• **Task directions**: Repeat the listing exactly. Pictures stay out of your copy.
Segment Start: Data segment
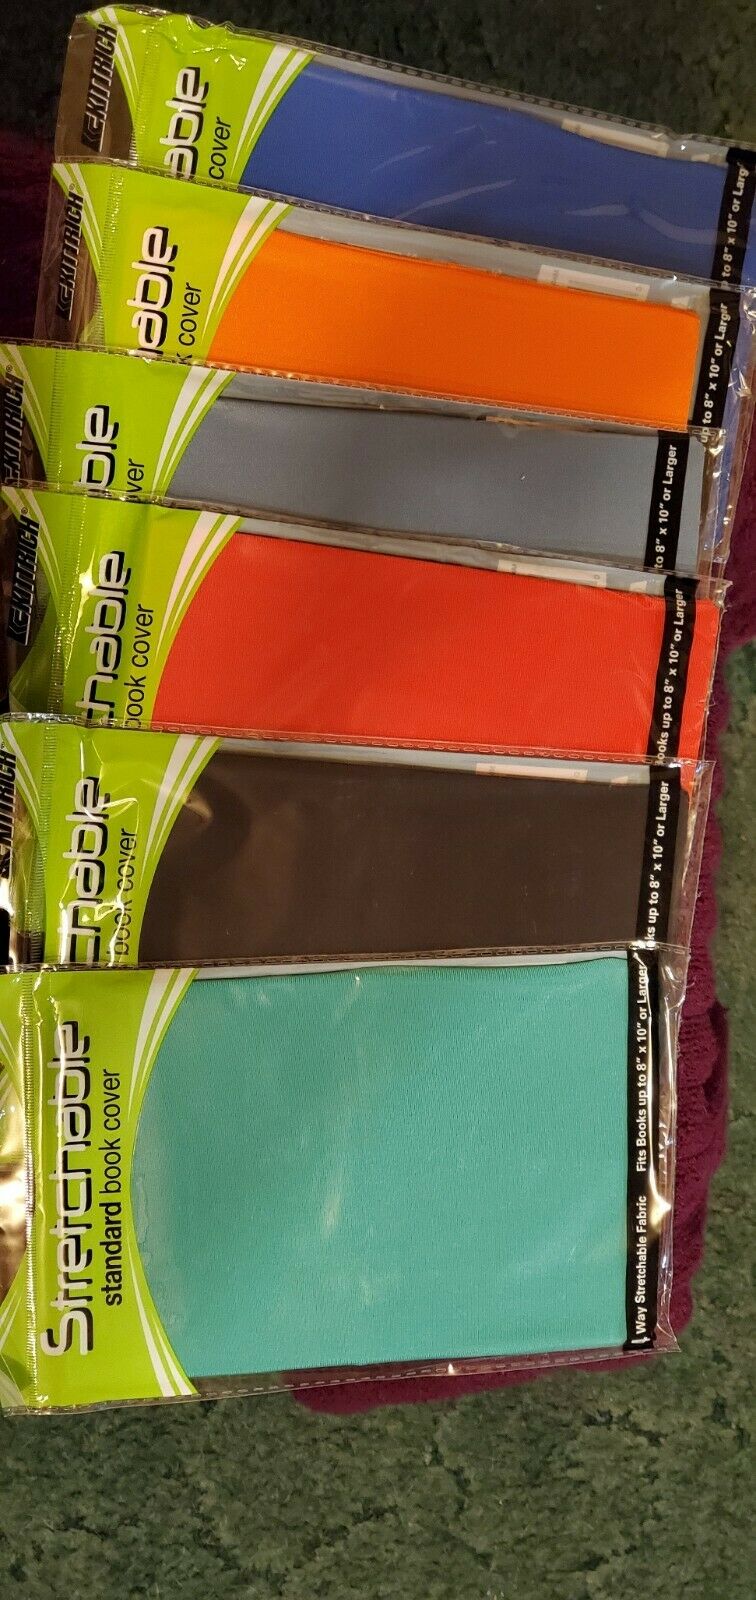 Kittrich Stretchable Book Cover In Assorted Colors
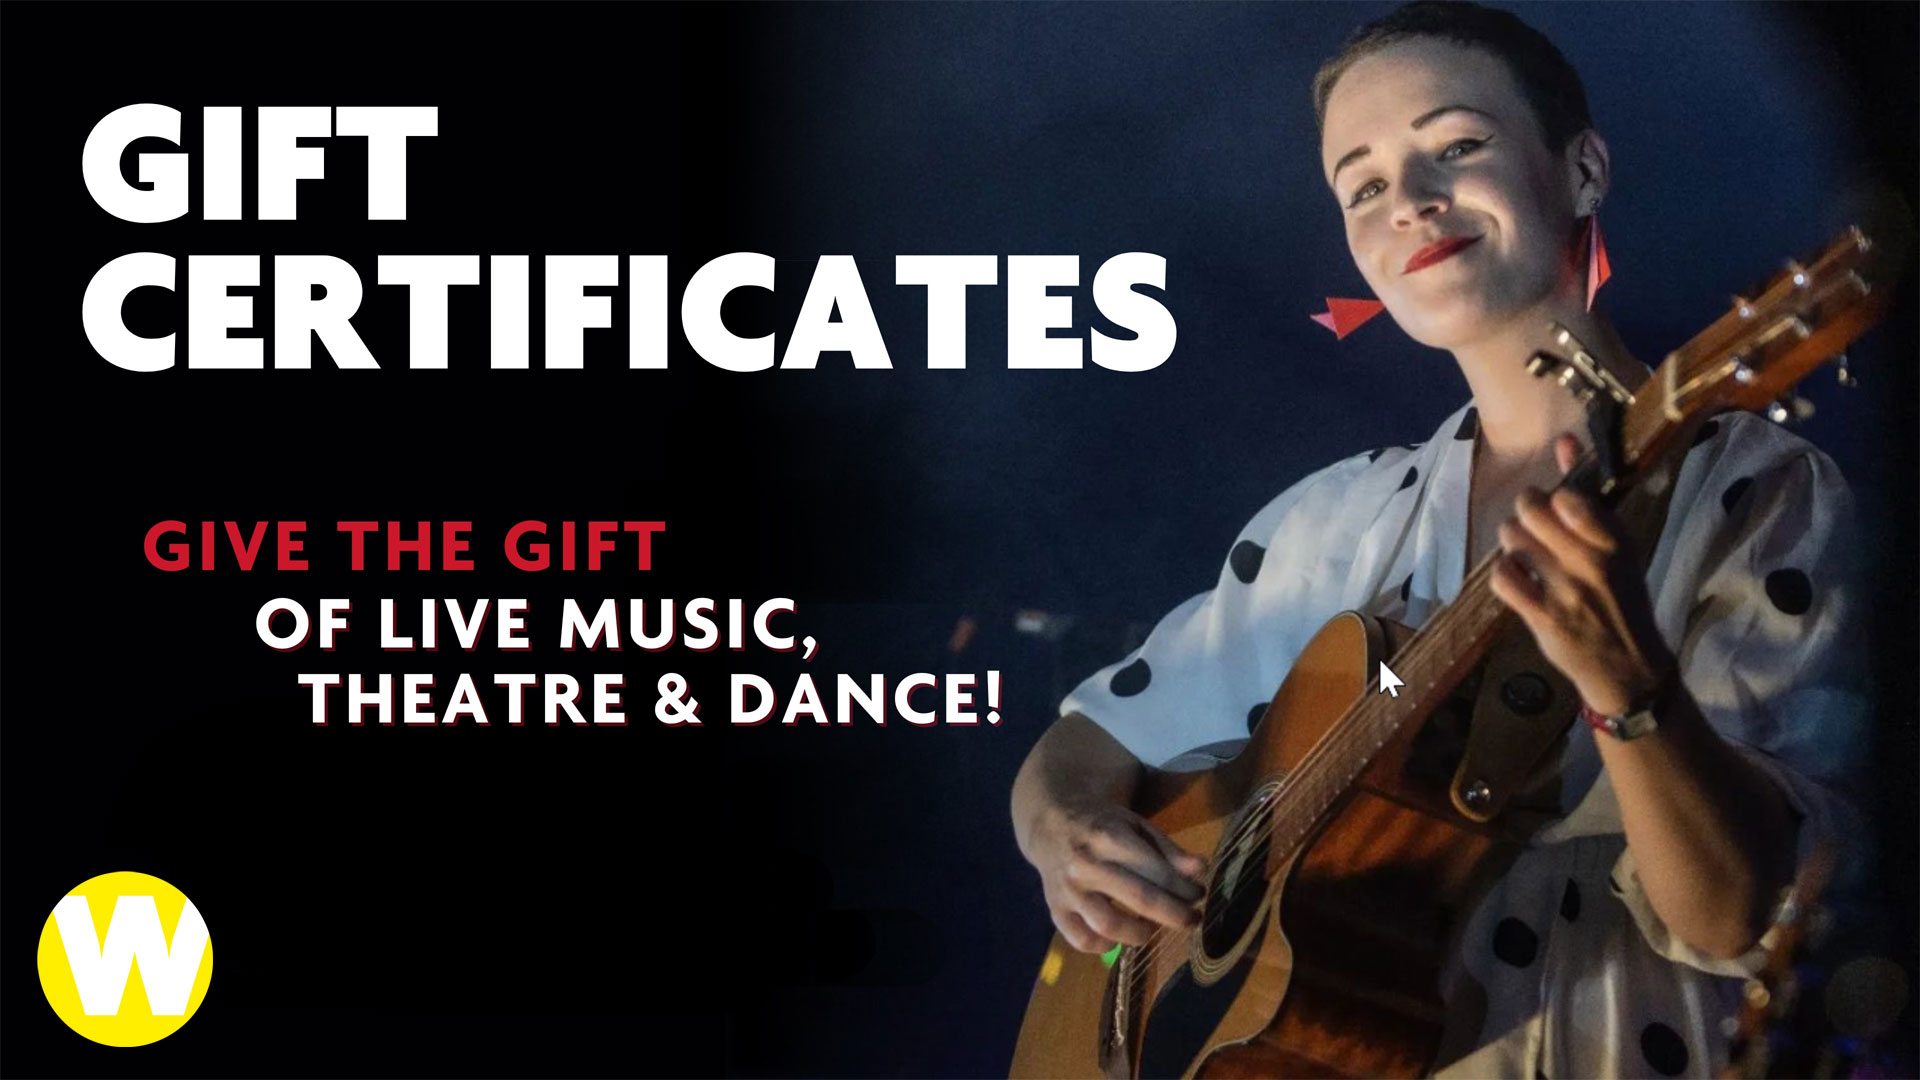 Gift Certificates: Give the gift of live music, theatre & dance!
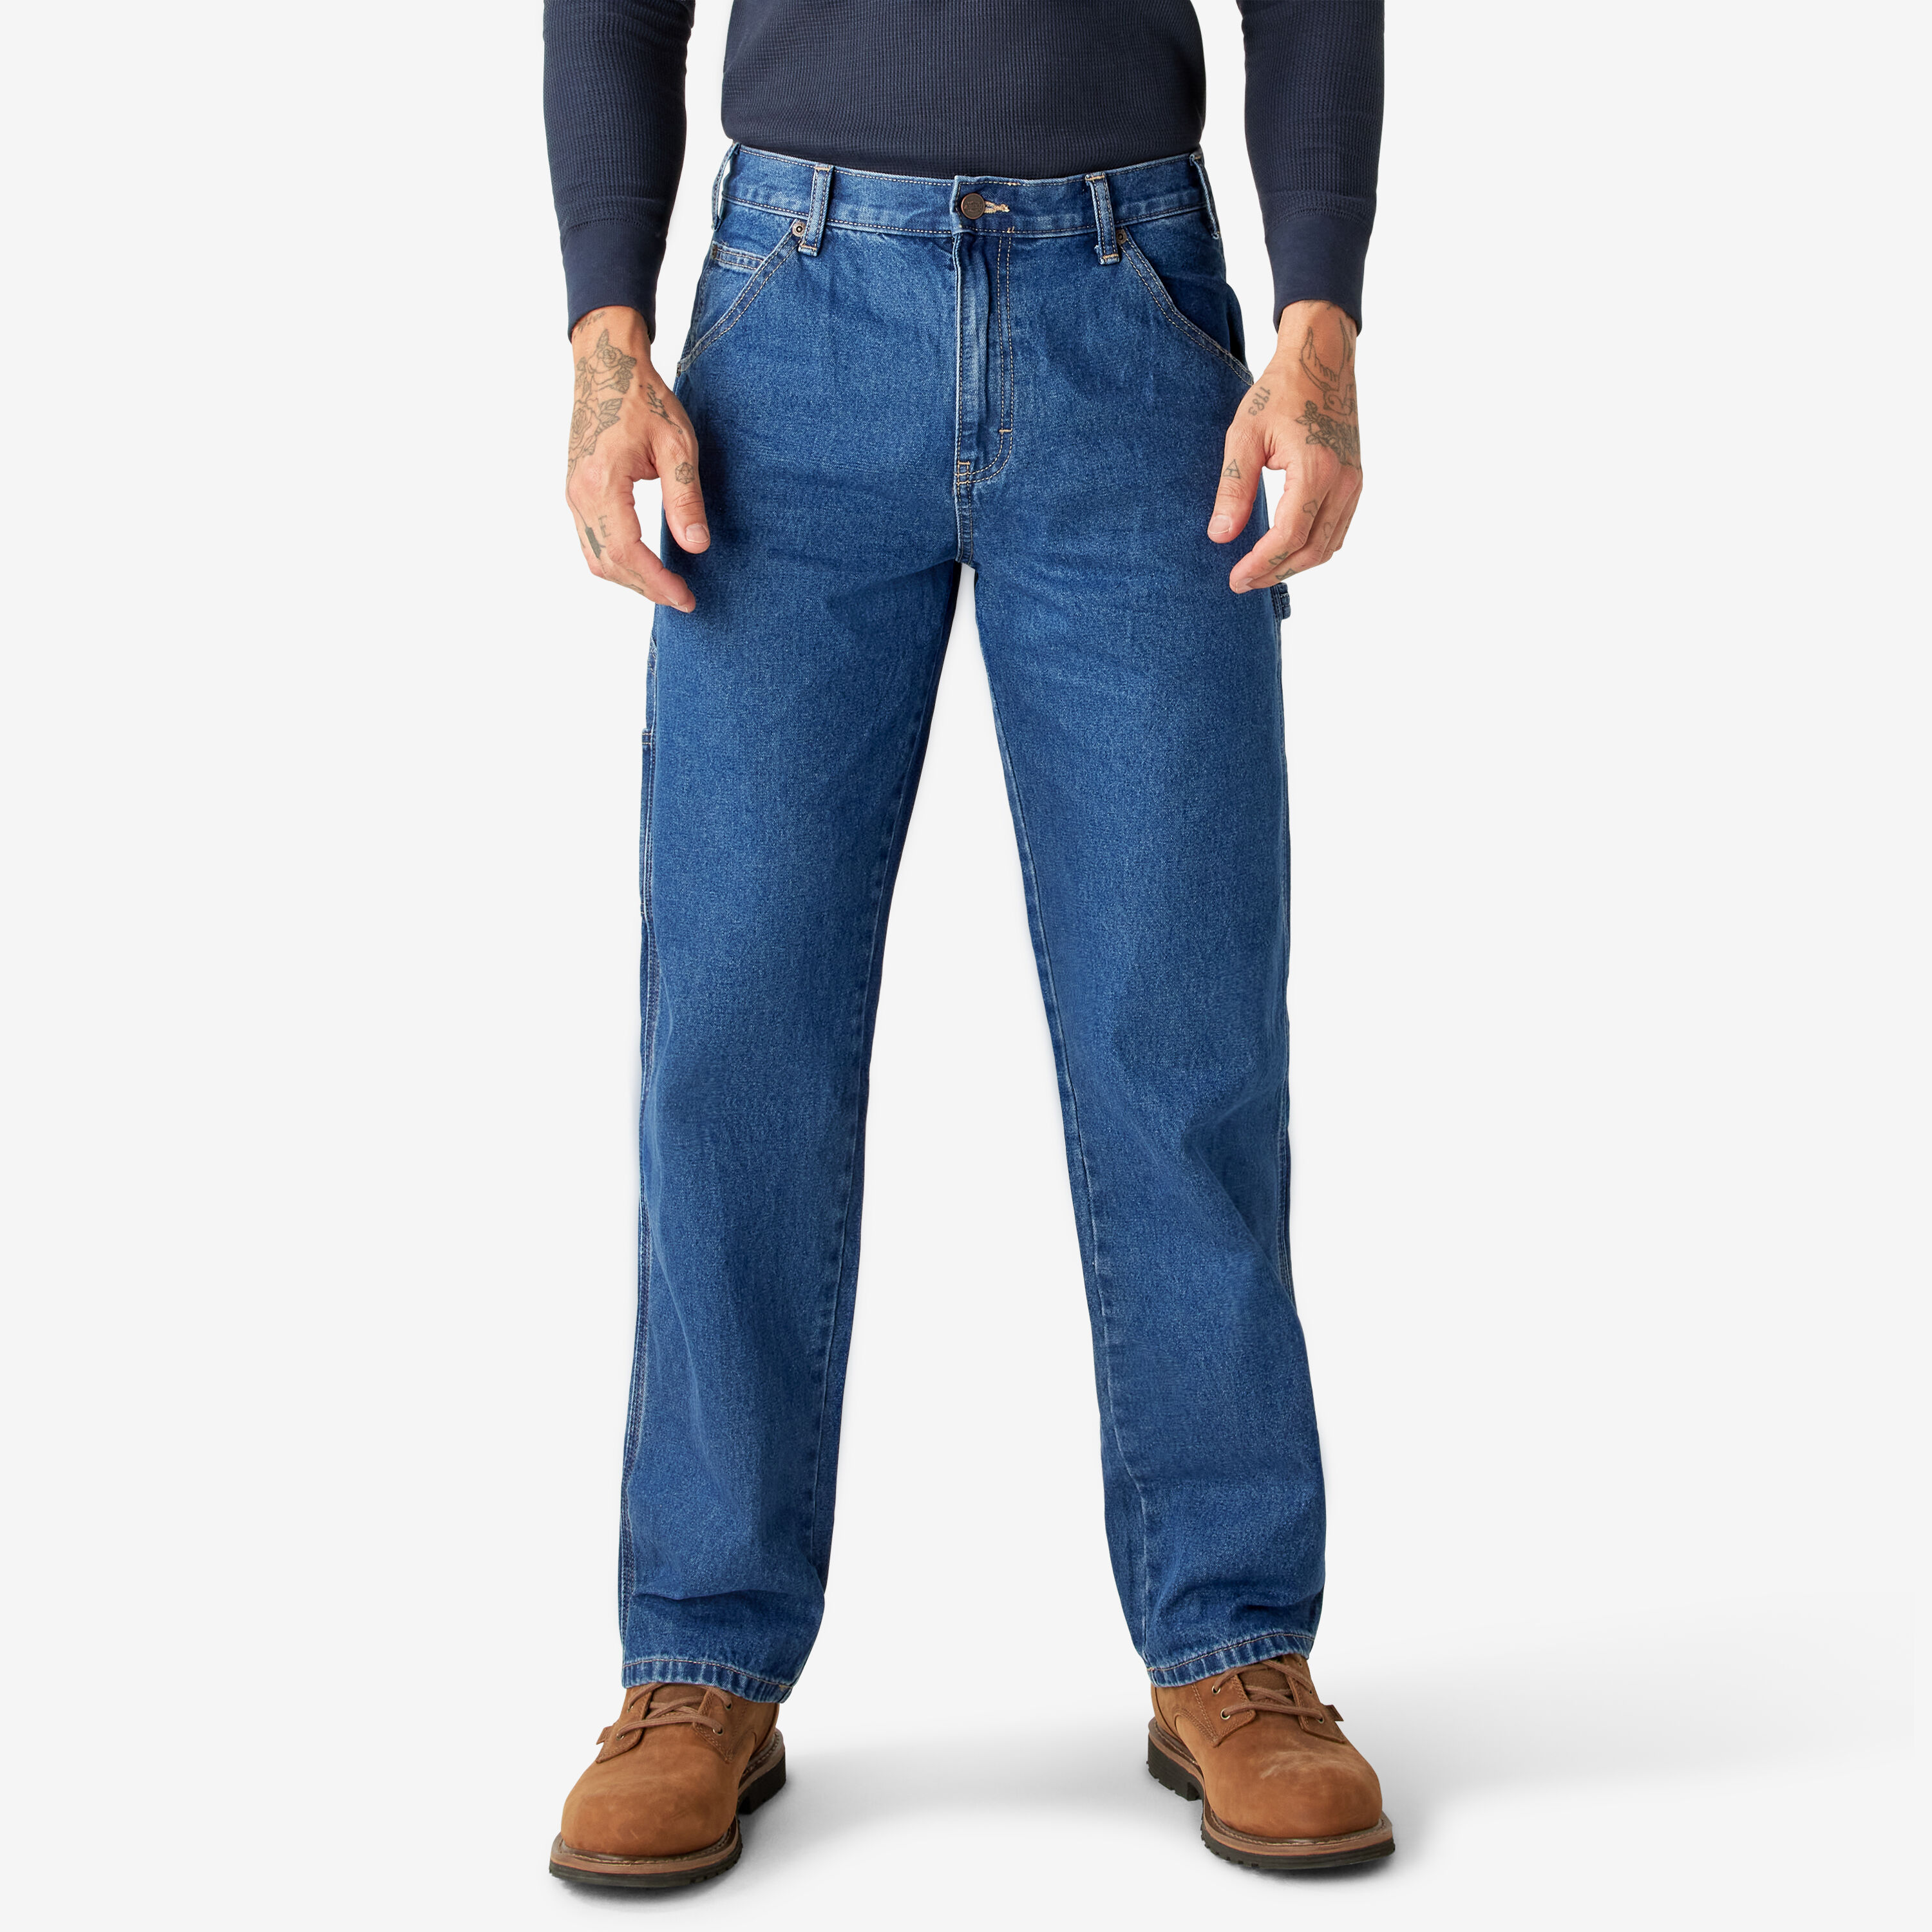 Men's Relaxed Fit Carpenter Jeans - Dickies US
Segment End: Data segment
• **Task response**:
 Kittrich Stretchable Book Cover In Assorted Colors
 Gift Certificates: Give the gift of live music, theatre & dance!
 Men's Relaxed Fit Carpenter Jeans - Dickies US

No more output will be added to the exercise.